10. Marketing Communications
From time to time, we may send you information about new services, workshops, events, or articles that may be of interest. We will only do so where you have given explicit consent (for example, by ticking a sign-up box). You can unsubscribe at any time by clicking the unsubscribe link in any email or by contacting us directly.
11. Social Media
If you interact with NutriBalance via social media (such as Instagram, Facebook, or LinkedIn), the platform's own privacy policy will apply to any data they collect. We do not transfer information from social media into your clinical record without your knowledge. We strongly recommend that you do not share personal health information via social media direct messages or public comments. If you wish to discuss your health, please contact us by email or through our website's secure contact form.
12. How Long We Keep Your Records
We retain client records for 7 years after your most recent consultation, in line with the requirements of our professional body and standard practice for healthcare records in the UK. For minors, records are retained until the client reaches 25, or for 7 years after the most recent consultation, whichever is later. After this period, records are securely destroyed (both electronic and paper) unless you have requested otherwise, or unless we are legally required to retain them.

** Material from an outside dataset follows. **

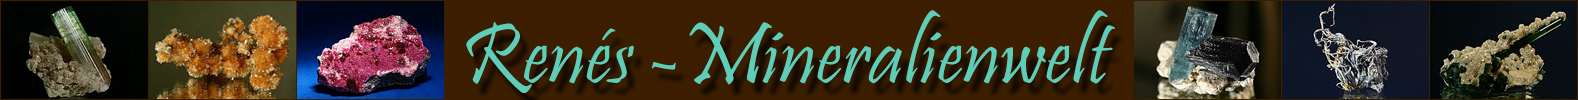 Logo Renes-Mineralienwelt

13. Your Rights Under UK GDPR
You have the right to: Access the personal information we hold about you Rectify any factual inaccuracies Erase your data, where the legal retention period has passed Restrict or object to processing Data portability — to receive your data in a structured, commonly used format Withdraw consent for processing or communications at any time Not be subject to decisions based solely on automated processing Lodge a complaint with the Information Commissioner's Office (ICO) To exercise any of these rights, please contact us at info@nutribalance-health.com. We will respond within one month.
14. Security
Your information is protected through: Secure, password-protected electronic storage Encryption of sensitive files where possible Locked physical storage for any paper records Strict confidentiality procedures Restricted access — only your practitioner has access to your records While no system can ever be guaranteed 100% secure, we take all reasonable and proportionate steps to prevent loss, misuse, or unauthorised access.
15. Complaints
If you believe your personal data has been mishandled, please contact us first so we have the opportunity to address it: Data Controller: Elina Deneva Email: info@nutribalance-health.com If you are not satisfied with our response, you have the right to contact the Information Commissioner's Office (ICO) directly: Website: www.ico.org.uk Helpline: 0303 123 1113
16. Updates to This Policy
This privacy policy may be updated from time to time to reflect changes in our practice or legal requirements. The most current version will always be available on our website, and the "Last updated" date at the top will reflect any changes.
In summary
At NutriBalance, your privacy and trust are our priority. We handle all personal information with the utmost care and confidentiality, using it solely to support your health, wellbeing, and journey back into balance.